It’s hard for me to believe that February 2014 will mark the two-year anniversary of Wendy Jane’s Soul Shake. I still feel somewhat new to this journey of exploring my passion for all things race relations, yet when I reflect on what I strove to discover and connect with in 2013, I feel happy and full. I can’t wait for all that 2014 will bring my way, and thank all of you for all of your comments, and dialogue here on the blog, and in “the real world.” I truly cherish making these connections, and I hope that during the times I’ve offended, and have been enlightened, I have done so with humility. I have also cherished moving through these difficult “bumps” and embracing the opportunity to learn and grow.
Read on for the WJSS 2013 Year-In-Review:The year started off on a celebratory note, with It Was A Happy Inauguration Day, a look at President Obama’s second term swearing into office. On a more personal note, I also reflected on the possibility that I may have racially profiled two young, black men as shoplifters while I shopped for shoes in Wendy Jane Catches Wendy Jane Racially Profiling! Wait That’s Me! , a post which seemed to be a favorite with readers.
March focused on arts and culture with posts on Black Dandyism and artist, Hank Willis Thomas, an assumption on my part with I Was Wrong, Some Black People Laughed at Django Hood Scene, and my multi-cultural Seder post: Blacks and Jews and Matzo: My First Swirled Passover.
In June I was lucky enough to see and reflect on the MJ Cirque de Soleil Show, but just a month later after my sadness and anger over the Trayvon Martin verdict, I wrote What Trayvon Doesn’t Get To Do, and after seeing countless tweets and facebook posts by white people who belittled or were blind to the matter of race and white privilege around Trayvon’s case, I felt pressed to write If You’re White, Get It Right: Wendy Jane’s Primer For White People On How To Have Conversations On Race , the primer I view as still a work-in-progress.
My interview with Alex Ishmael Wiggins, who generously shared his experiences with racism as a young black man transplanted to Florida from Rhode Island, was a highlight for me, and I look forward to doing more interviews in 2014. Along those same lines, I’d like to cover more news on local culture as I had the opportunity to do with An Evening Out: Local Women of Color Artists Speak at AS220.
In October I was elated when my post I Was On Black Twitter and U.O.E.N.O. was picked up by The Root. Swimming in deeper waters, as one friend of mine put it, gave me exposure to many more readers than typically visit WJSS, most of whom were supportive, including a tweet from director/actress/producer, Issa Rae, who I note in the post. Yet, it brought also a few people who were not happy with the article and with what was perceived as disrespectful and coming from a place of white privilege.

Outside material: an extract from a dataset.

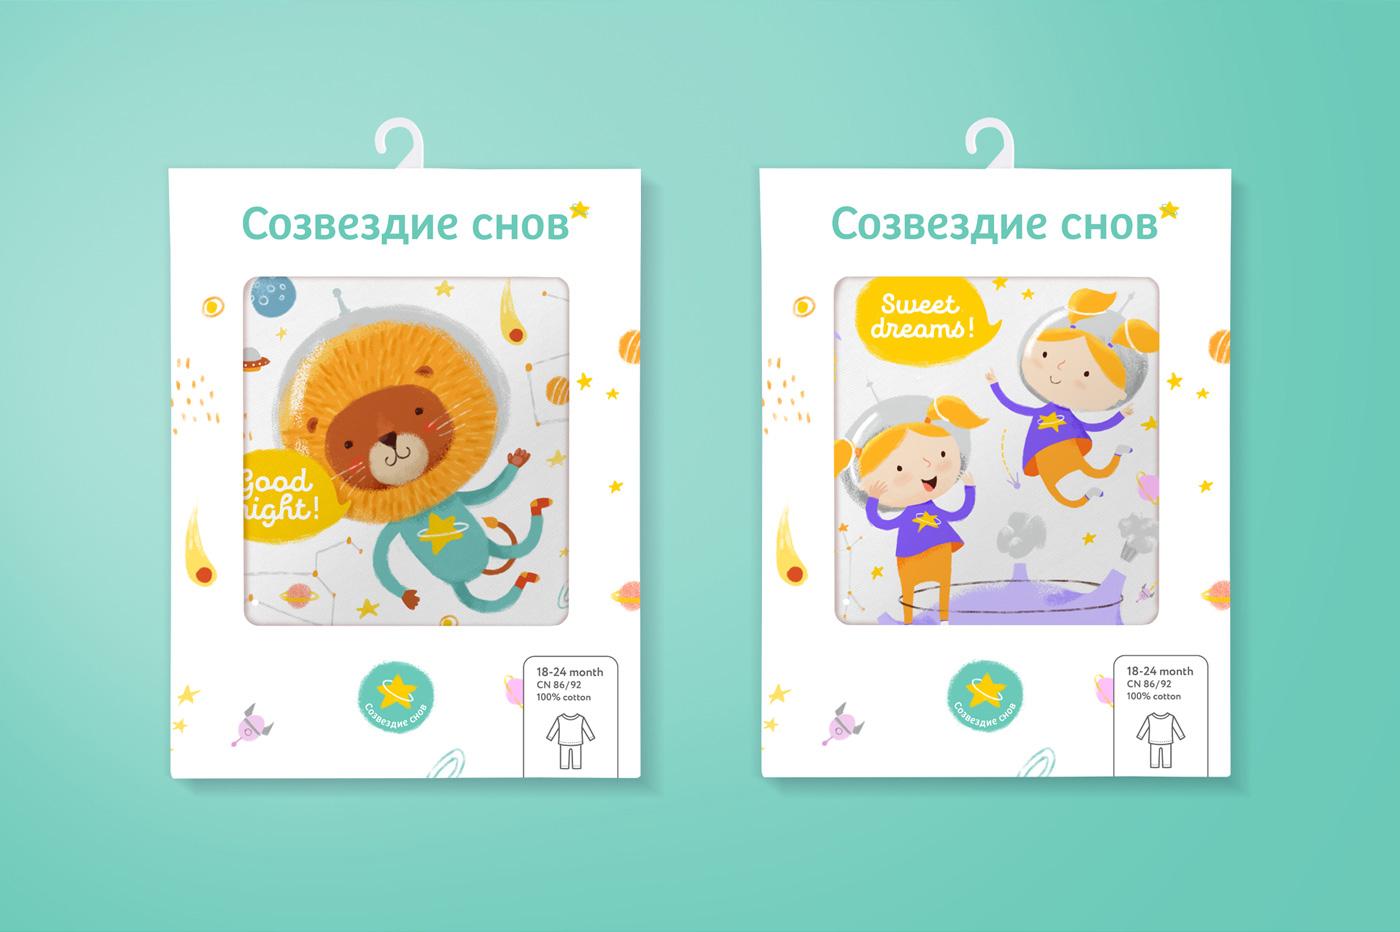 Концепция дизайна упаковки «Созвездие снов»

In November I attended my first diversity conference, a truly enlightening experience–An In-Depth Look At The 2013 National Race Amity Conference, and enjoyed hearing writer, Stacia Brown’s take on what she called Important Black Film Fatigue, with current films like Mandela: Long Walk To Freedom, Django, Fruitvale Station, and especially, 12 Years A Slave, out this year.
The year ended with the passing of one of the world’s greatest leaders, and a personal hero to me, Nelson Mandela. I want to go back and read more about the details of his life’s journey, and plan to do so, along with the books on my year-end picks: Wendy Jane’s Holiday Top Ten Race-Related Books Wish List . Unfortunately, we had to go from the honorable Mandela to the ridiculousness, and ugliness, of Fox News Reporter, Megyn Kelly’s claim that Santa is just white.but, thankfully I could replay Teddy Vann’s Santa Claus Is A Black Man as a rebuttal.
Finally, A little WJSS trivia: I’m still confounded that the most popular search term this year that gets people to my blog, and the most looked at blog post on WJSS, is the July 2012 piece, White Girl Stereotypes–go figure.
I wish all of you the best for the New Year. Please let me know what you’d like to see covered on WJSS, any changes you’d like to suggest, and please continue to engage in dialogue here, and out there in the world. It’s the only way we get to understand one another, and can move forward in trying to make positive connections across races, which makes me think of an amazing person I consider a mentor, Adrienne Wallace, who keeps reminding me we are all one race anyway–the human race.